Несмотря на то что адмирал Канарис с напускным воодушевлением отвечал на приветствие большинства представителей странной компании, вся эта, находящаяся пока что под домашним арестом в связи с покушением на Гитлера, армейская богема с куда большим интересом смотрела не на него, а на Шелленберга. Кто он такой — знали далеко не все. И даже когда Канарис представил бригадефюрера — не уточнив, однако, что тот не является арестованным, — на фамилию отреагировали немногие. Другое дело, что само появление здесь шефа внешней разведки СД, генерала СС вызвало крайнее удивление. Об арестах высокопоставленных чинов СС они пока что не слышали.

— Как, и его, бригадефюрера, — тоже?! — удивленно воскликнул какой-то полковник, непонятно к кому обращаясь. — Оказывается, до верхушки СД тоже добрались.

— Эдак вскоре закуют в кандалы и рейхсфюрера Гиммлера, — с явным сарказмом заметил генерал-майор Дельп, уловив на себе взгляд шефа внешней разведки СД. Уж он-то прекрасно знал Шелленберга.

— Полагаю, что это исключено, — парировал Вальтер. Однако никакого внимания на его слова генерал Дельп, оказавшийся после тяжелого ранения на Западном фронте в армии резерва, не обратил; у него все еще было свое мнение на этот счет и свое видение происходящего.

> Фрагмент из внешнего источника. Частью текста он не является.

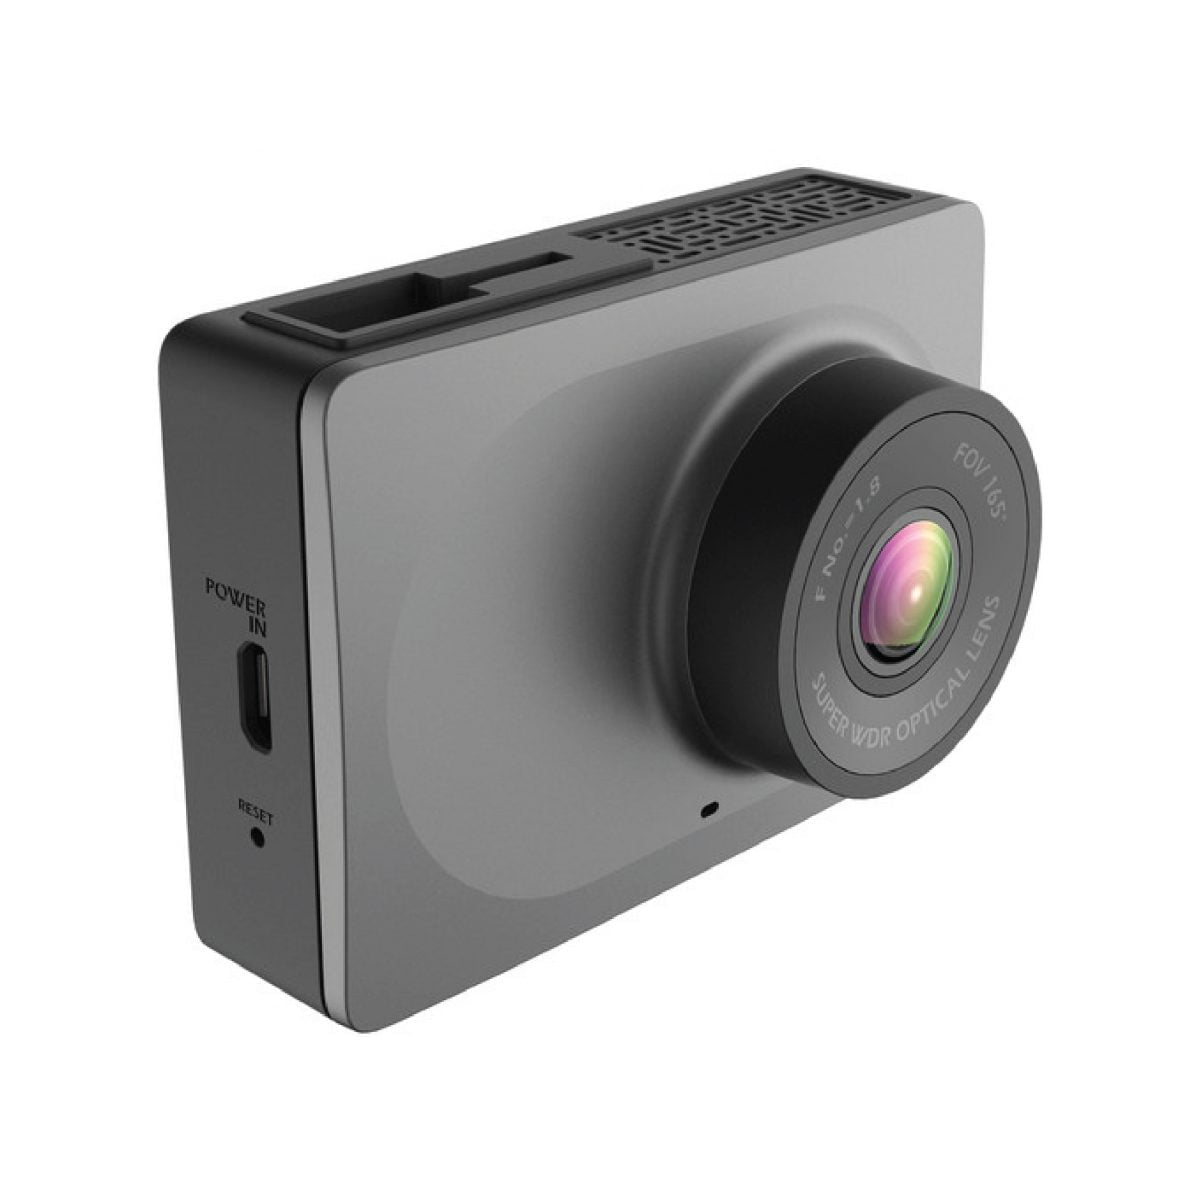 Yi Camera 06 شاومي &Lt;H1&Gt;Yi - كاميرا لوحة عدادات السيارة مدمجة مع شاشة 2.7 بوصة وعدسة 130 درجة Wdr ومستشعر G وتسجيل متكرر&Lt;/H1&Gt;
1080P60 Full Hd 165 زاوية عريضة وكاميرا لوحة القيادة الأمامية مسجل السيارة Dvr مع Adas ، G-Sensor ، تطبيق الهاتف ، Wdr ، تسجيل حلقة - رمادي Https://Youtu.be/Tsowlpdc0U4 Yi - سيارة كاميرا داش مدمجة ، كاميرا داش Yi - كاميرا لوحة عدادات السيارة مدمجة مع شاشة 2.7 بوصة وعدسة 130 درجة Wdr ومستشعر G وتسجيل متكرر

— Интересно, остановит ли кто-нибудь эту вакханалию? — громко проговорил он, обращаясь то ли к Шелленбергу, то ли ко вновь появившемуся в зале начальнику школы. — Или же мы позволим этому… перевешать всю оставшуюся половину германского рыцарства?

— В этих благородных стенах не принято громогласно выражать свое неудовольствие, — строго заметил начальник школы, решив, что время, им самим же отведенное для либеральничания с арестованными, истекло. — И не заставляйте меня впредь напоминать вам об этом.

Дельп пытался каким-то образом возразить, однако сидевший рядом с ним молодцеватый генерал с рукой на перевязи резко одернул его:

— Не следует портить отношения с тюремщиками.

— Это вы меня называете тюремщиком? — даже не возмущенно, а с какой-то мальчишеской обидой в голосе спросил начальник училища. — Если вы и впредь будете так вести себя, то заставите меня стать настоящим тюремщиком.

— С чем был связан звонок Мюллера? — спросил Канарис, очень своевременно вмешавшись в конфликт. — Что его интересовало?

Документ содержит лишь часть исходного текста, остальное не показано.